We just put a down payment for a 25RSS.







Yeah.

Anyways, when we go to pick it and up and sign all of our loan documents we need to decide if we should purchase the extended service contract. It is about $2,000. and lasts five years. It covers most of the major appliances. 
Not having been an Outback owner before, what do you think? Would you recommend it? 
We would love your help.
Thank you, Amy
(Southern California)


----------



## gregjoyal (Jan 25, 2005)

amylynne said:


> We just put a down payment for a 25RSS.
> 
> 
> 
> ...


Nope, not recommended... For $2000 you can fix most of the appliances that might break within that 5 years. Your regular warranties are:

Rubber roof - 12 years
Plumbing - 10 years
Furnace - 5 years
A/C - 2 years
Awning - 3 years
Microwave - 3 years
Refrigerator - 3 years
Water heater - 2 years
Smoke detector - 3 years
Water pump - 2 years
Fiberglass exterior - 2 years
Steel frame - 2 years
Axles - 2 years
TV antenna - 2 years
Stovetop range - 2 years
Toilet - 2 years
Countertop - 2 years

Everything else - 1 year

Oh, and congrats on the purchase.









Greg


----------



## Castle Rock Outbackers (Jan 18, 2004)

Don't do it. Big money maker for the dealer and insurance company.

Randy.


----------



## Moosegut (Sep 24, 2005)

What they said.


----------



## biga (Apr 17, 2006)

Also, watch the paperwork carefully. I know of a dealer near me (non-outback) that does not qualify you for the best interest rate if you do not purchase the maintenance plan.


----------



## GlenninTexas (Aug 11, 2004)

Personally I wouldn't do it, but it's an individual decision. If you want the extra peace of mind then you may want to conside it. What i'd do however is not sign up while your signing everyhing else. They may tell you you have to sign up before you take possesion, but that's BS. If you wnat it later, they'll sell it to you. Instead, request a copy of the warranty to take home and read. You can then take your time and evaluate the coverage and make a decision without the pressure.

You said "covers MOST of the major appiances", find out exactly what is and isn't covered. Even on the covered appliances they may not cover the more expensive components.

Good luck. Oh and by the way print a copy of the PDI (Pre-delivery Inspection) and give the unit a thorough going over before you take it off the lot.

Welcome to Outbackers.
Regards, Glenn


----------



## PDX_Doug (Nov 16, 2004)

First of all...

action *Welcome to Outbackers, amylynne!* action 
I'm glad you found us!









As far as the extended warranty is concerned, I would recommend against it.

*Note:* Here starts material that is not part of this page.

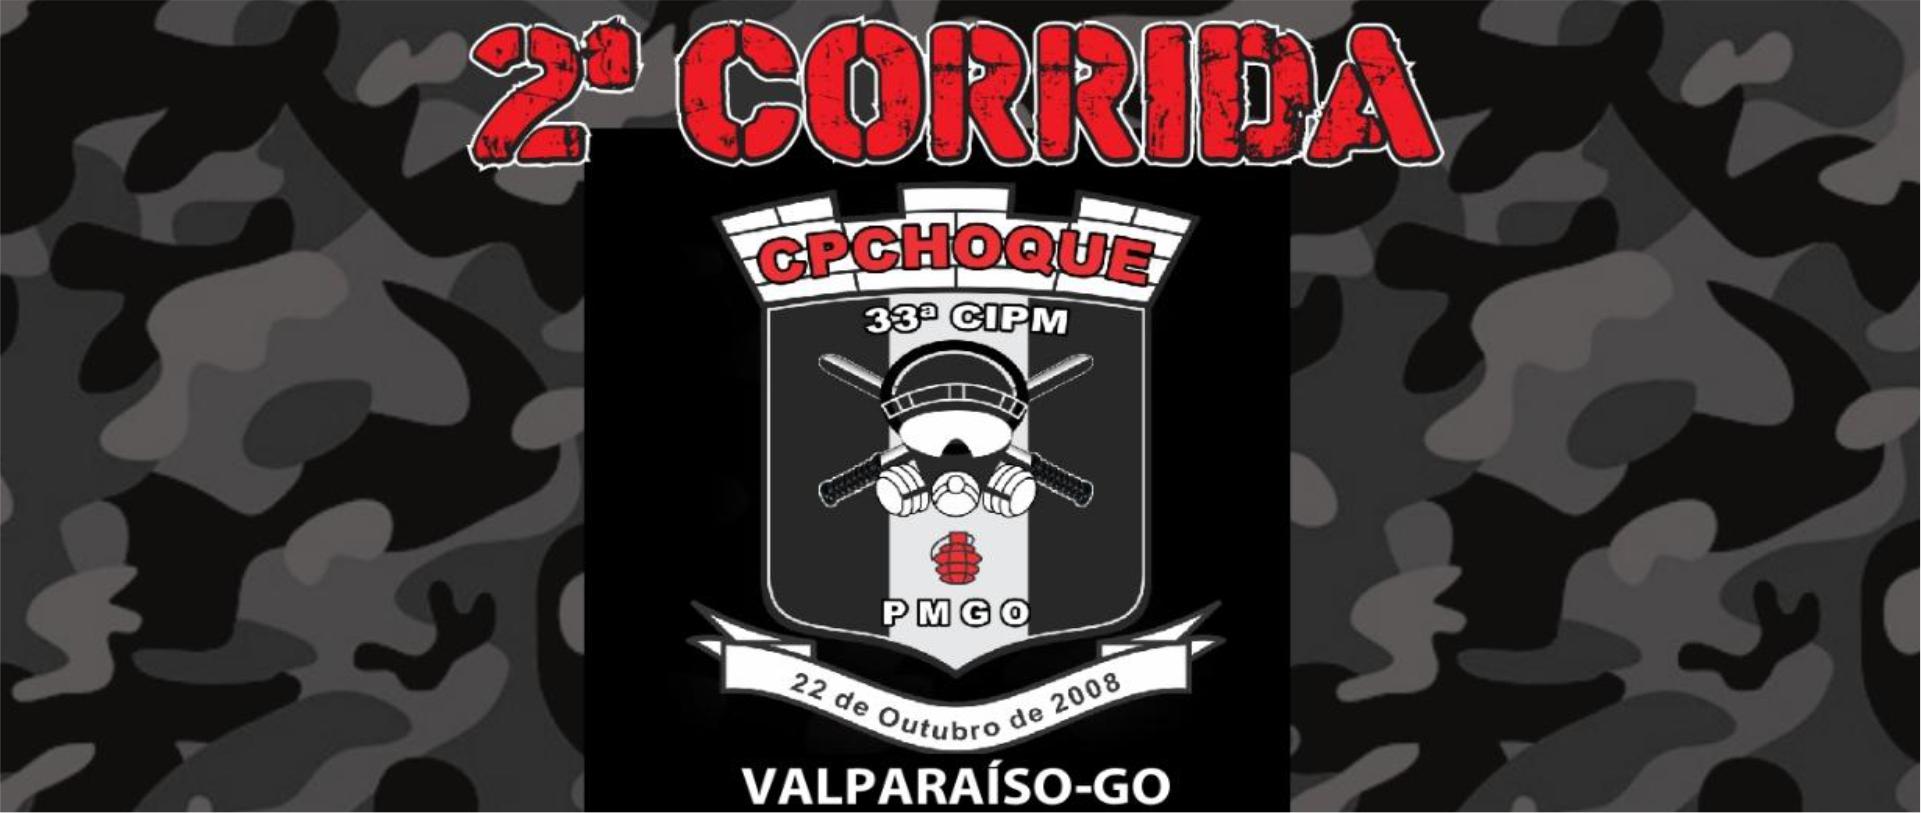 2-corrida-cpchoque-banner-s

That said, we did buy one on ours (for about half what you quoted), for the same reasons. All those systems and the environment they have to live in, made it seem like a good deal. But the fact is, they are pretty reliable, and even if they need replacing after the initial warranty has expired, most of them are not that expensive. Furthermore, the 'restrictions' the extended warranty will put on the repair facility will limit who is willing to work on your Outback.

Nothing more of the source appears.